**Required work**
Among the entries below, only the lines starting at the one with "Long Blonde Hair Nude" and ending at the one with "La piramide di", both included, are to be printed exactly.

**Data for processing**
:::

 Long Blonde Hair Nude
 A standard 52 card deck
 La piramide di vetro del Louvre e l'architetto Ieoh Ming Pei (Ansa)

:::

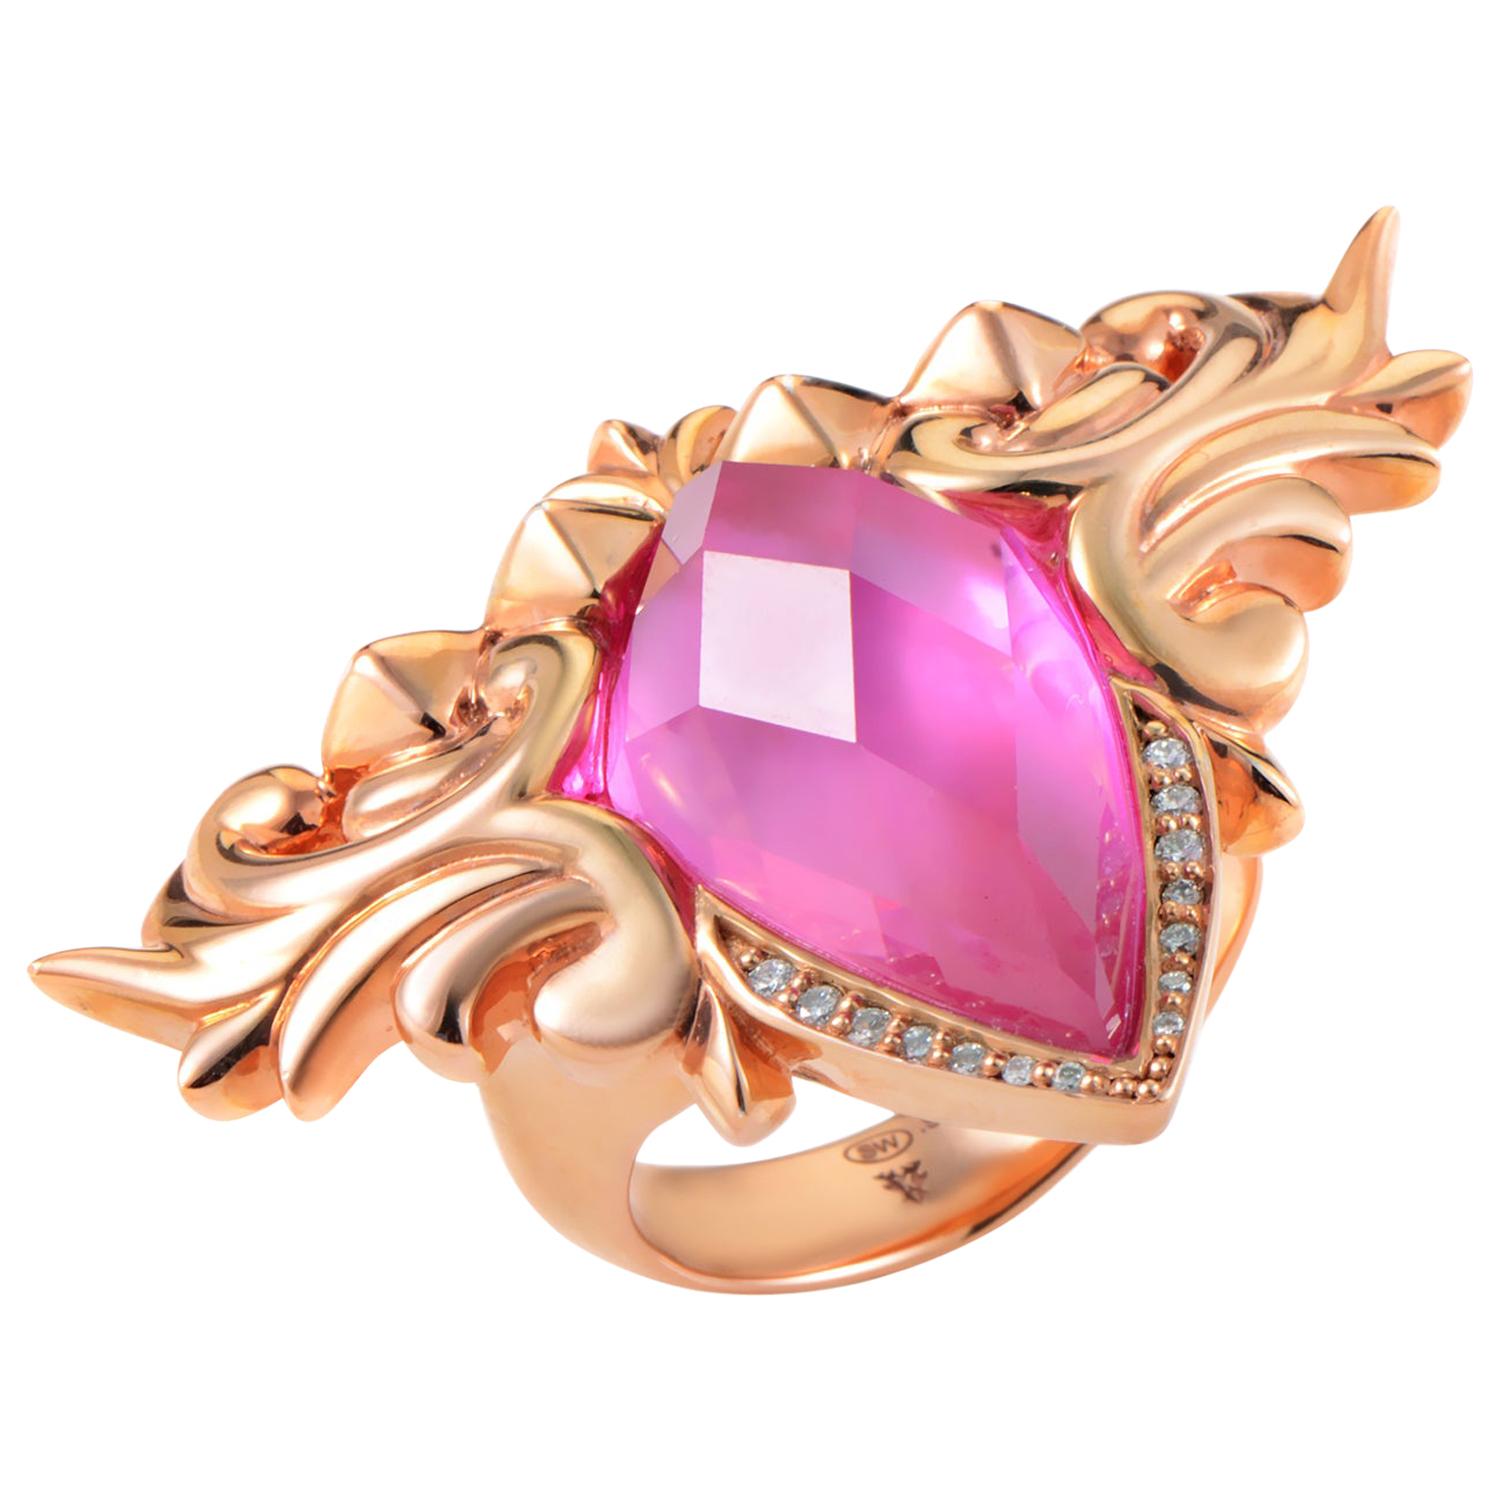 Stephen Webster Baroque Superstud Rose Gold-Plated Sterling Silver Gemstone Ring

:::

**Problem solution**
 Long Blonde Hair Nude
 A standard 52 card deck
 La piramide di vetro del Louvre e l'architetto Ieoh Ming Pei (Ansa)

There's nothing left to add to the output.